In France the Société de Financement de l’Economie Francçaise (SFEF), established last October, believes that selling dollar-denominated debt will help to diversify its funding base. It is the first time France has sold government guaranteed bonds in dollars, and SFEF fundraising plans are part of a government initiative to provide up to €265bn in new loans to France’s banks to ease lending conditions. The SFEF will use an explicit state guarantee to raise debt of up to five years maturity and pass it on to banks at a commercial rate plus a 20 basis point fee.

Danish scheme extended

Denmark’s second support package follows the two-year government guarantee scheme announced in October 2008. According to Moody’s, the institutions eligible to participate in the recapitalisation scheme of about DKK100bn (€13bn) include all solvent banks and mortgage credit institutions in Denmark as well as Danish Ship Finance. The institutions will get a capital injection in the form of hybrid core capital with an annual interest rate of between 9% and 12%, depending on the credit quality assessment of the respective institutions. They have until June 30 to apply.

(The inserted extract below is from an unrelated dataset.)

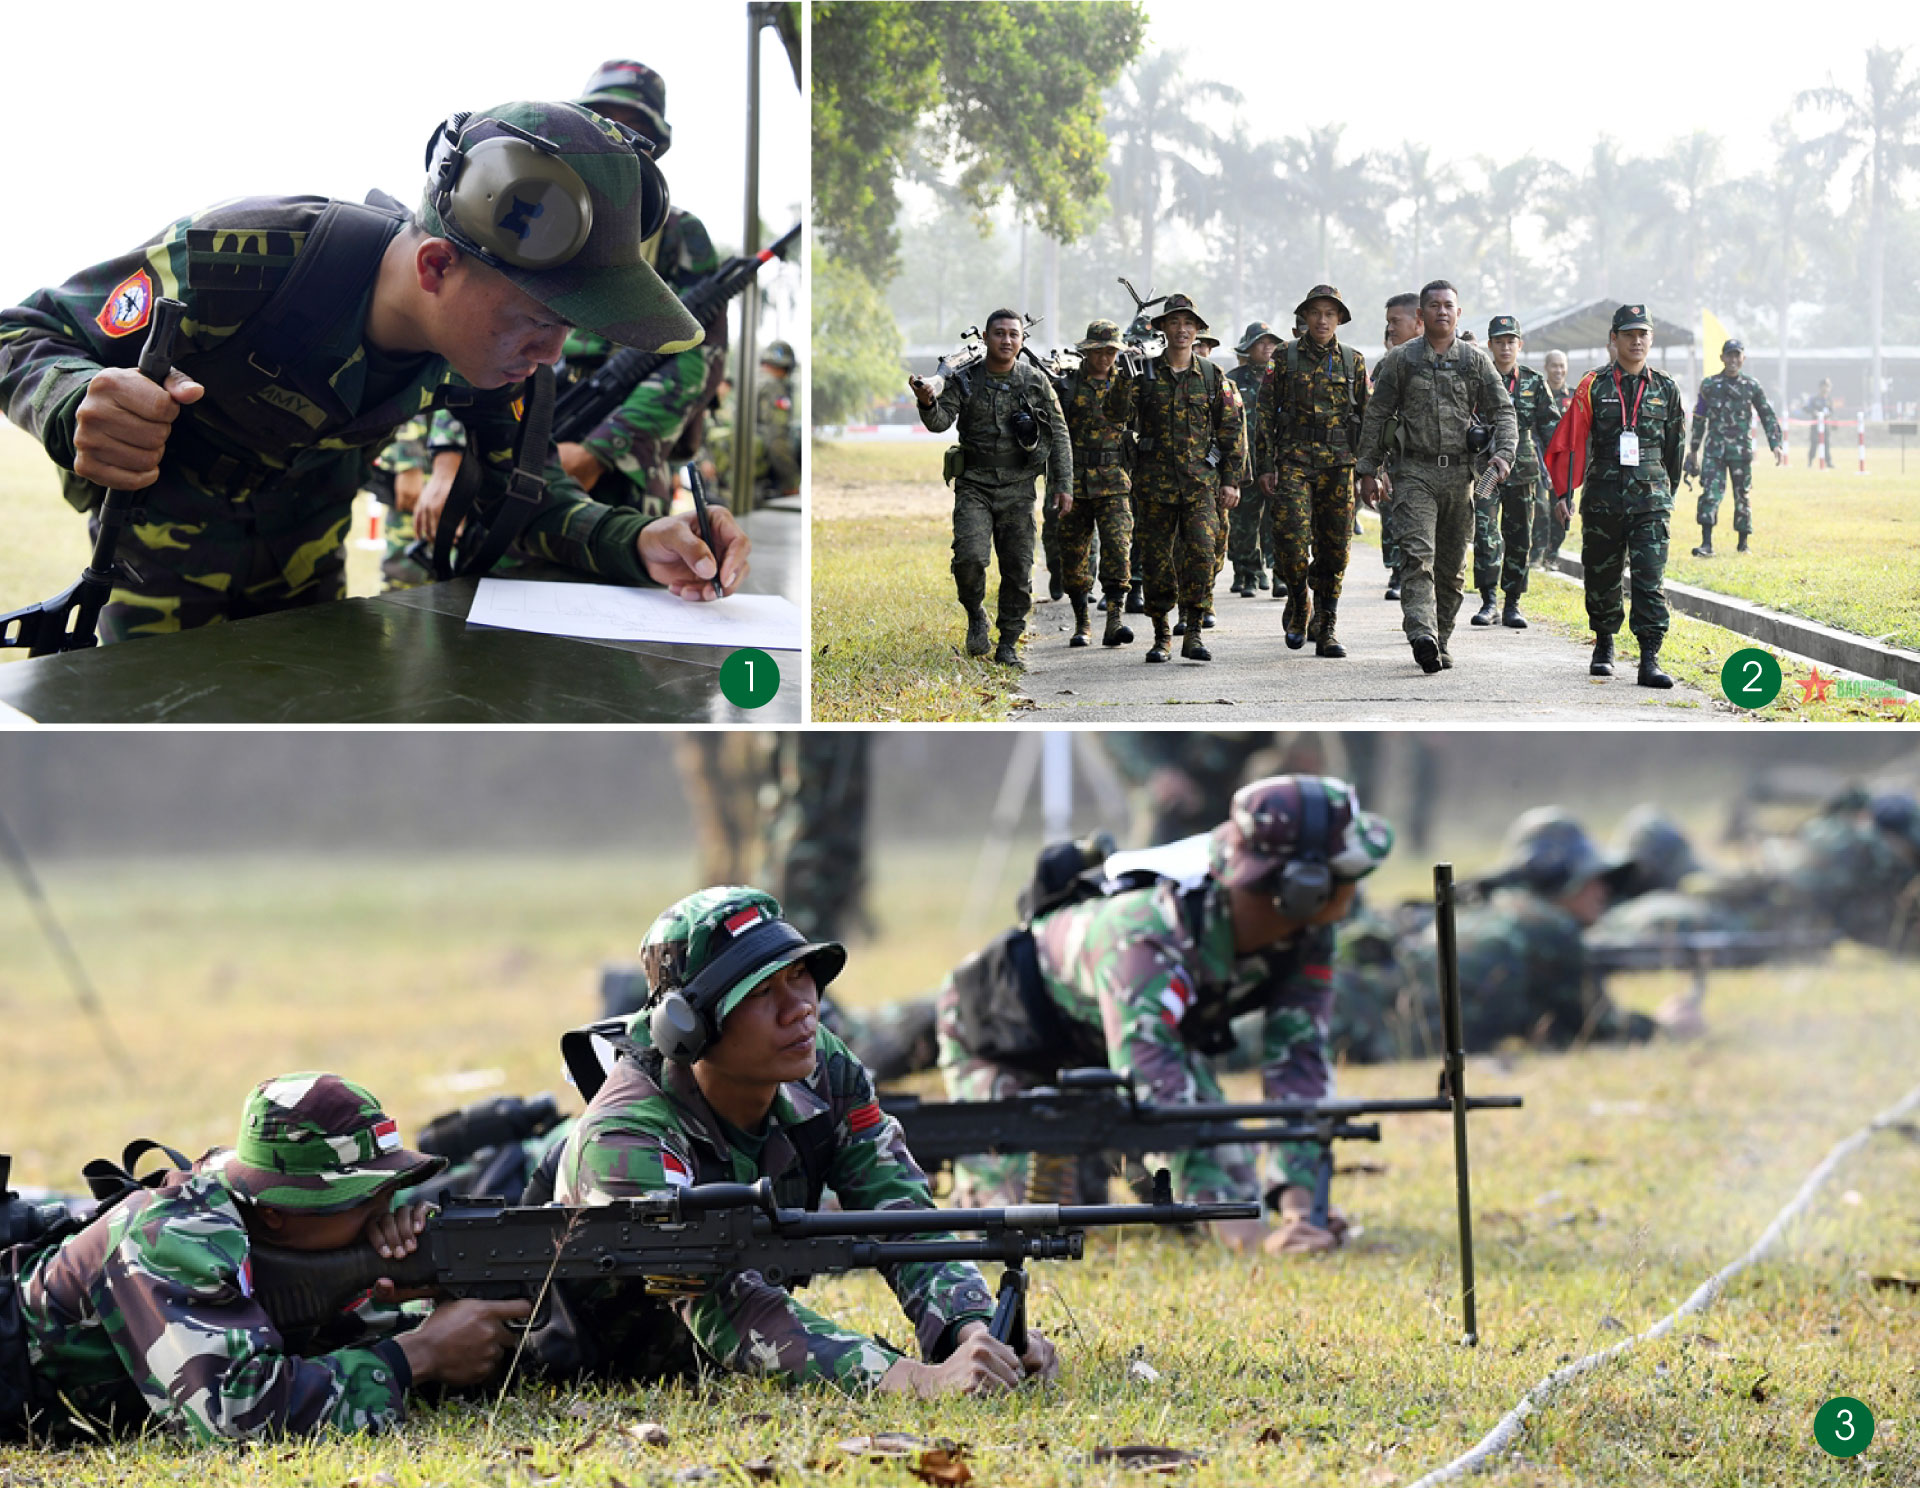 AARM-30: Các xạ thủ ASEAN thể hiện tinh thần đồng đội trên thao trường

In addition to the recapitalisation scheme, the Danish government plans to expand the Act on Financial Stability to make it possible for banks and mortgage credit institutions to issue medium-term loans with a state guarantee until the end of 2010.

The state guarantee can be used for maturities of up to three years and loans maturing at the latest on 31 December 2013. Moody's says the guarantee will also be available for junior covered bonds. Junior covered bonds refer to supplementary issuance to cover reduced value of the assets in the cover pool.